Besides, Williams’ research is almost entirely focused on clear air turbulence over the North Atlantic. Can it really offer insight into the Singapore Airlines incident? Pilots aren’t so sure.

Mark Hofmeyer, a Qantas pilot and vice president of the Australian and International Pilots Association (AIPA), told journalists he believes that thunderstorms—which cause “convective turbulence”—were the likely cause of the incident, rather than “clear air turbulence.” 

David Evans, a Qantas pilot who spent years flying over the Bay of Bengal, stated that turbulence is common in the area with the arrival of powerful monsoons at this time of year.

I emailed Williams, pointing out that multiple experts believe Monday’s incident was caused by convective turbulence rather than clear air turbulence. He replied with a link to a 2023 study that suggests convective turbulence is also projected to increase because of climate change. But this extreme scenario has been called into question by many other scientists.
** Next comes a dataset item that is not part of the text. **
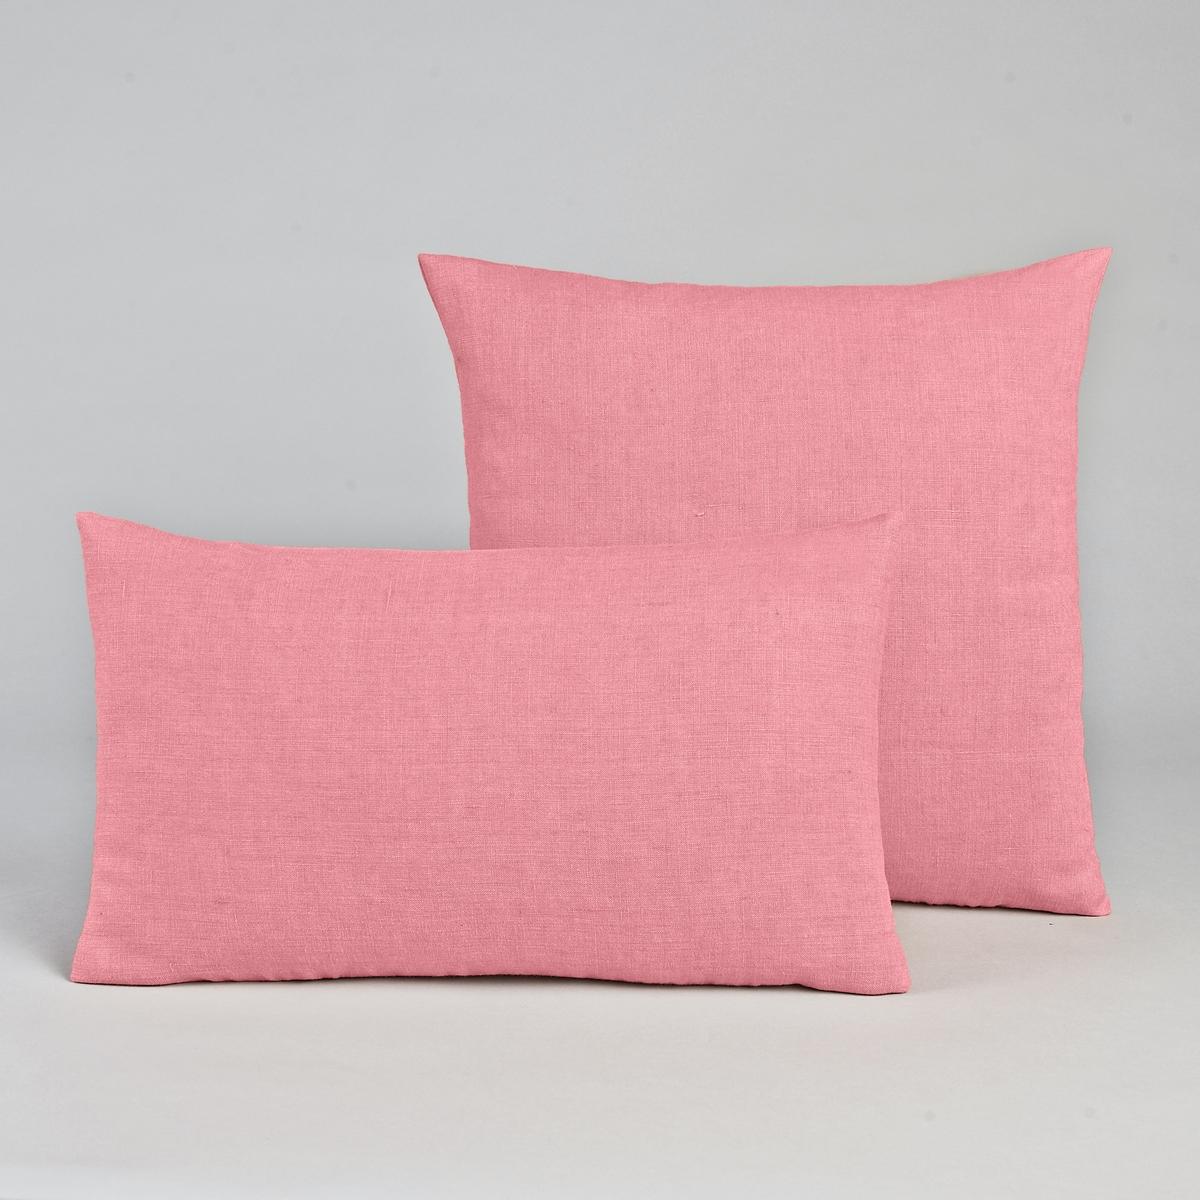 Льняной чехол для подушки, GeorgetteЛьняной чехол для подушки Georgette отлично сочетается с покрывалом Georgette, которое вы можете приобрести на сайте ampm.ru. Лен : создаёт ощущение нежности и мягкости, со временем он становится более эластичным и более красивым.Материал : - 100% льнаРазмер : - 50 x 30см : прямоугольная форма- 45 x 45 см : квадратная наволочка<br><br>Цвет: розовый
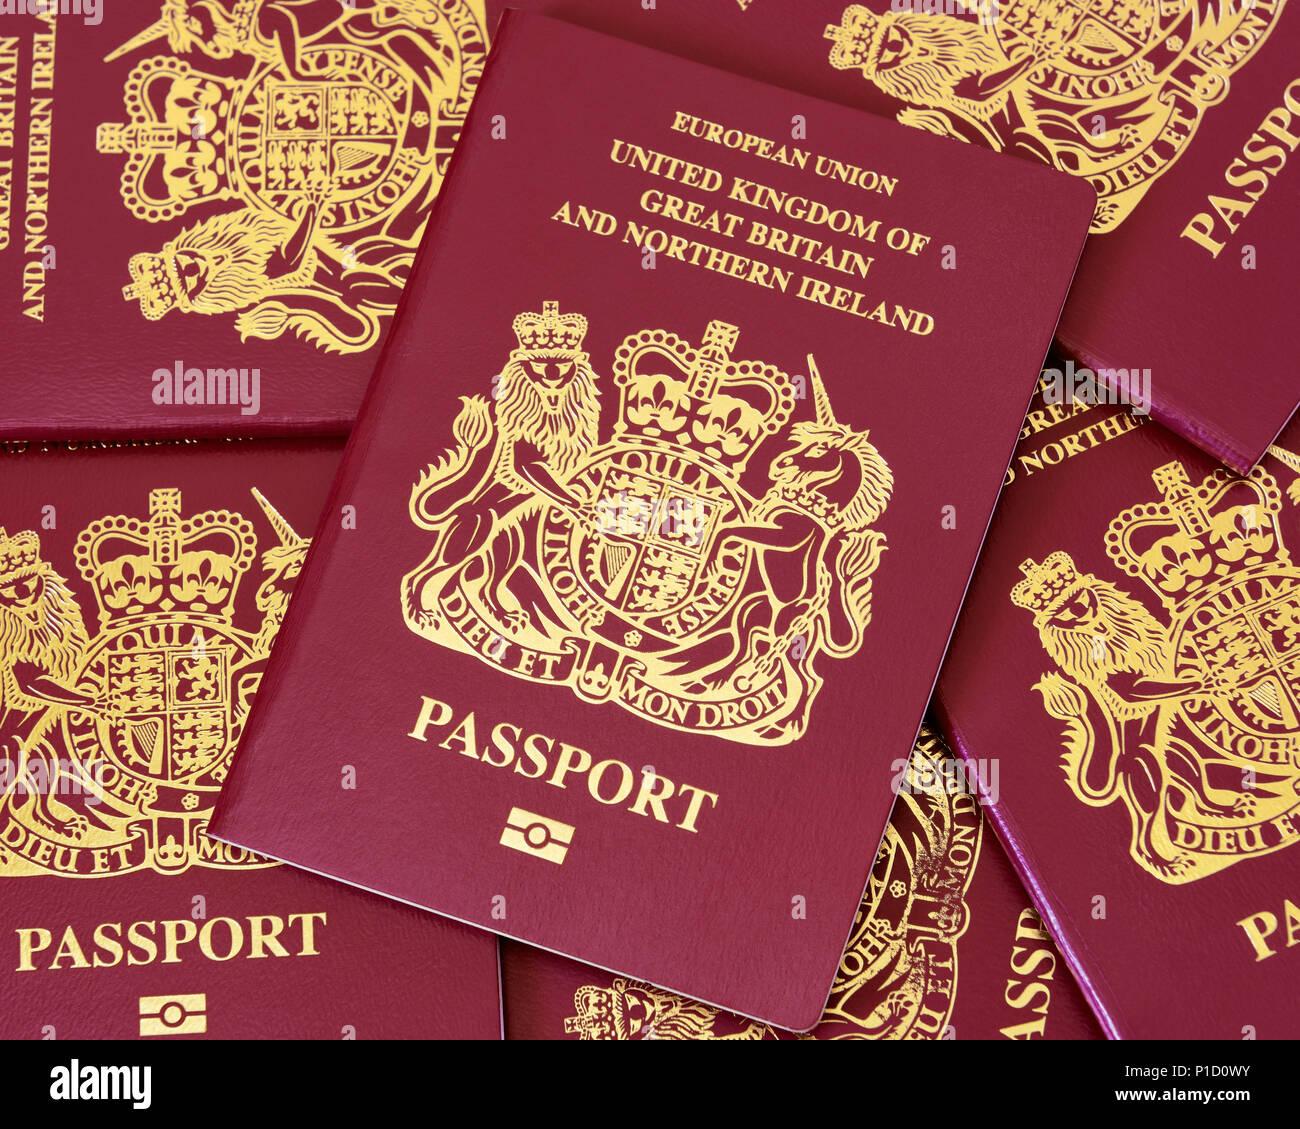 British Passport - Stock Image

Simon Proud, a scientist with the European Space Agency, posted on X that it’s “disappointing” to see scientists implicitly link the Singapore Airlines incident with climate change. His observations, based on satellite imagery, chime with the two pilots’: there were large thunderstorms in the area at the time. (He could not comment because he is involved in an investigation into the incident.) 

Williams’ claim that rising CO2 levels will increase turbulence hasn’t been proven—it is based on mathematical projection. You can’t rule out the possibility that he’s right, says Ryan Maue, a private sector weather scientist who worked in the Trump administration. But we’re not there yet.

When I spoke to him, Maue pointed out that the incidence of injuries on airplanes caused by air turbulence has actually come down over the years, despite the fact that air travel has increased exponentially over the last half-century. If climate change does make the skies bumpier, he added, any increased risk will likely be mitigated by improvements in technology—for instance, increasingly sophisticated weather prediction software (which he expects will get even better with AI).

“I recognize that climate change is real, of course. I can look at the data just like everybody else,” he told The Free Press. But he isn’t on board with the doom and gloom scenario that dominates the media. 

It’s disturbing that journalists jumped to conclusions about this incident. People are afraid of both climate change and flying—but instead of playing on those fears, the media should be giving us the facts.

CORRECTION: A previous version of this story inaccurately described Paul Williams’ letter to the Quarterly Journal of the Royal Meteorological Society as a “retraction.” The piece has been updated, to describe it as a “revised conclusion.” The previous version incorrectly stated that clear air turbulence (CAT) is caused by “wind speed”; it is caused by wind shear (changes in wind speed or direction over a given distance.) The piece has been updated accordingly. The Free Press regrets the error.